А к весне оказалось, что опухоль была доброкачественной. Узнав об этом, объявились и родственники, а тут еще вышли льготы участникам войны. А наш больной воевал.
Он не забыл нас. В знак благодарности работает на нашей «Скорой» сторожем.
— Если бы не «Скорая», — часто говорит он посетителям, — давным-давно был бы я на другом побережье…
Устроили мы раз встречу со старейшими работниками «Скорой». Пришел и фельдшер Цветков. Старичок крепкий. Ему за восемьдесят, а он летом занимается бегом, а зимой спокойно купается в проруби.
Иногда он приходил к нам на поддежурства. И хотя уже был подслеповат, уколы и перевязки делал мастерски. Ну а вывихи лучше его в городе, наверное, никто не вправлял. Часто, и даже можно сказать, очень часто, сам главный травматолог обращался к нему.

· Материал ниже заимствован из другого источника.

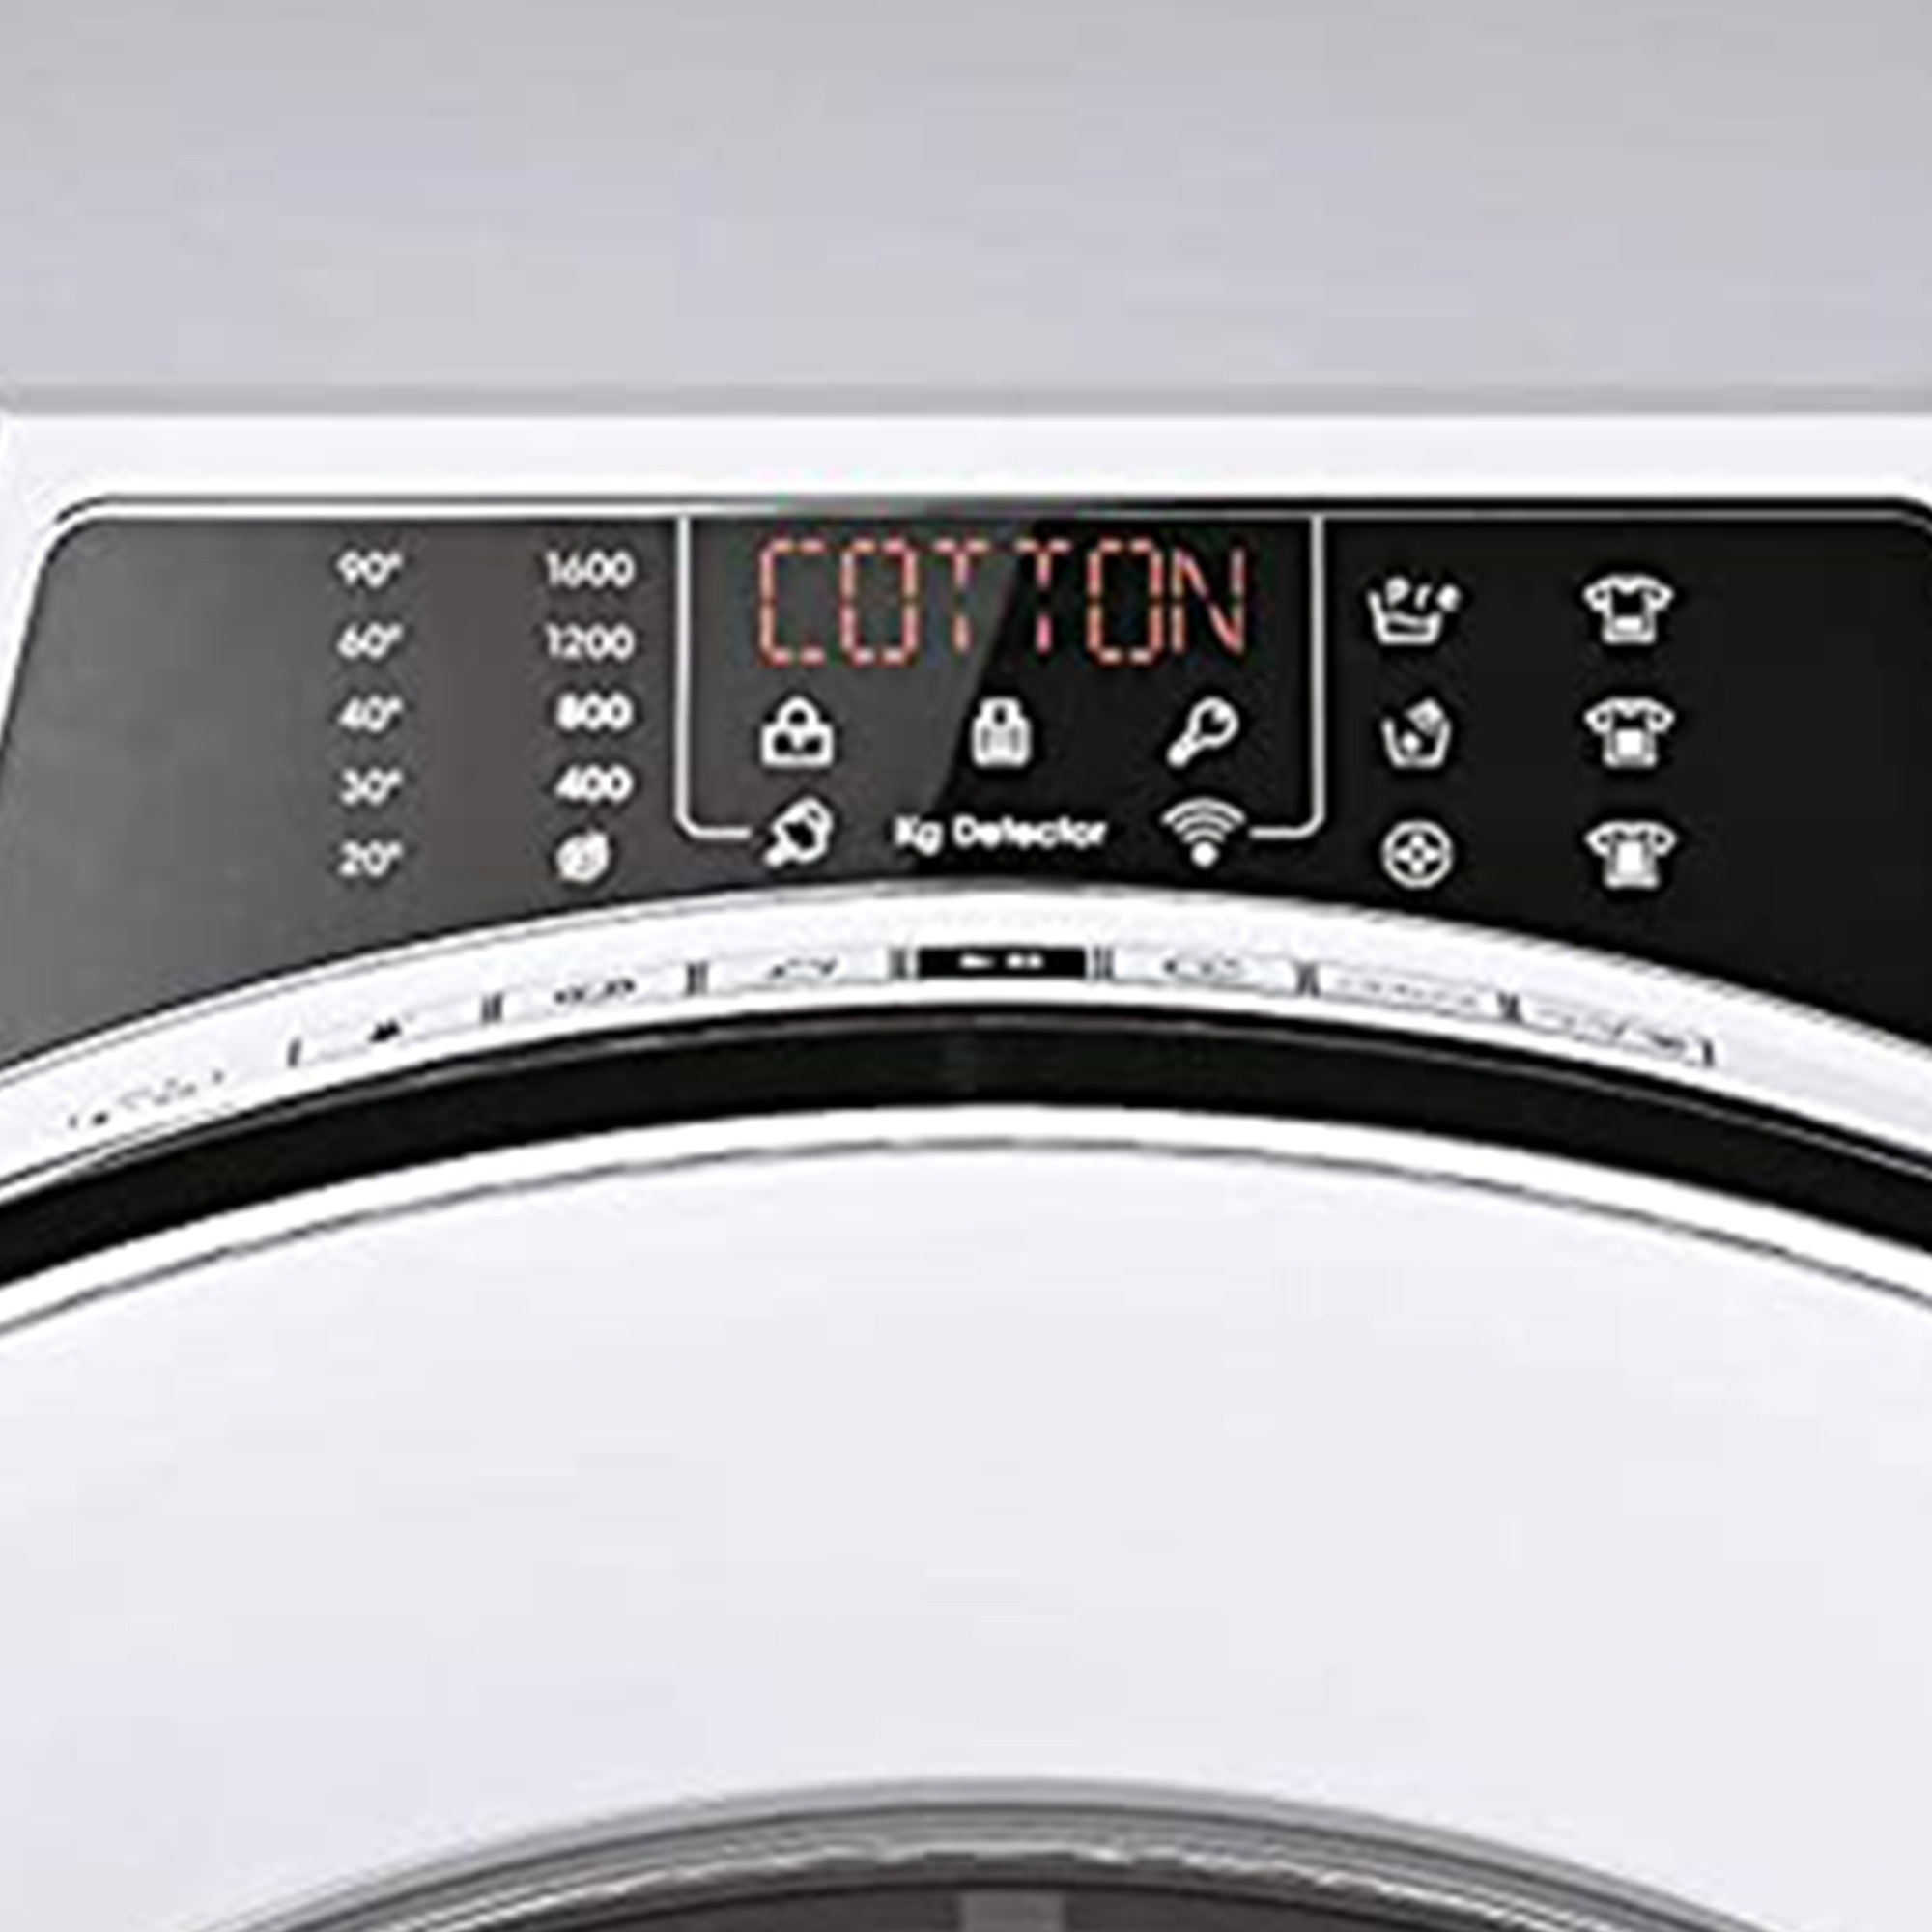 CANDY A) kg, (10 RO16106DWMCE/1-S Waschmaschine

После его выступления начали мы задавать вопросы.
Спрашивает его доктор:
— Расскажите, пожалуйста, о дореволюционном транспорте.
И начал наш фельдшер Цветков рассказывать о своей телеге, на которой он обслуживал вызова, и о том, что не было тогда особо много больниц и многих больных приходилось оставлять дома. Не было тогда и антибиотиков, но зато к больным относился он внимательнее и душевнее, чем сейчас мы в век техники к ним относимся. Короче, дал он нам разгон.
Ну а потом, когда мы попили чайку, вдруг спрашивает его одна сестричка:
— Иван Иванович, а вот скажите, сколько вы за свою жизнь сделали уколов?
Он с полминуты думал-думал, а потом ответил:
— Два моря уколов, детка, я сделал.
Все засмеялись.
А он вдруг прикусил намокшие в чае усы и заплакал. Кулаками, точно малец, растирал глаза, и чувствовалось, что был он глубоко опечален.
Мы стали его успокаивать:
— Ну будет вам, Иван Иванович! Из-за какого-то пустяка, уколов, расплакались…
— Детки мои, да все-то дело в том, что я хоть и два моря уколов сделал, а вот мне-то за всю мою жизнь так никто и пол-укола не сделал…
И он опять заплакал. Ну мы, конечно, разобрались в диагнозе и, чтобы его успокоить, сделали укол глюкозы. После укола он крякнул:
— А ведь вы, братцы, делаете не хуже моего.
— Как же, — ответили мы, — стараемся, Иван Иванович, походить на вас.
А он, подкрутив усы, многозначительно изрек:
— На меня не надо, надо лучше меня.
Работала в нашей бригаде фельдшерица Галя. Трудно ей было в жизни. Она рано потеряла мать, рано вышла замуж. Неожиданно запил ее муж. А у нее трое детей. И всех их надо прокормить да одеть. А у фельдшера ставка, чего там, раз, два и обчелся.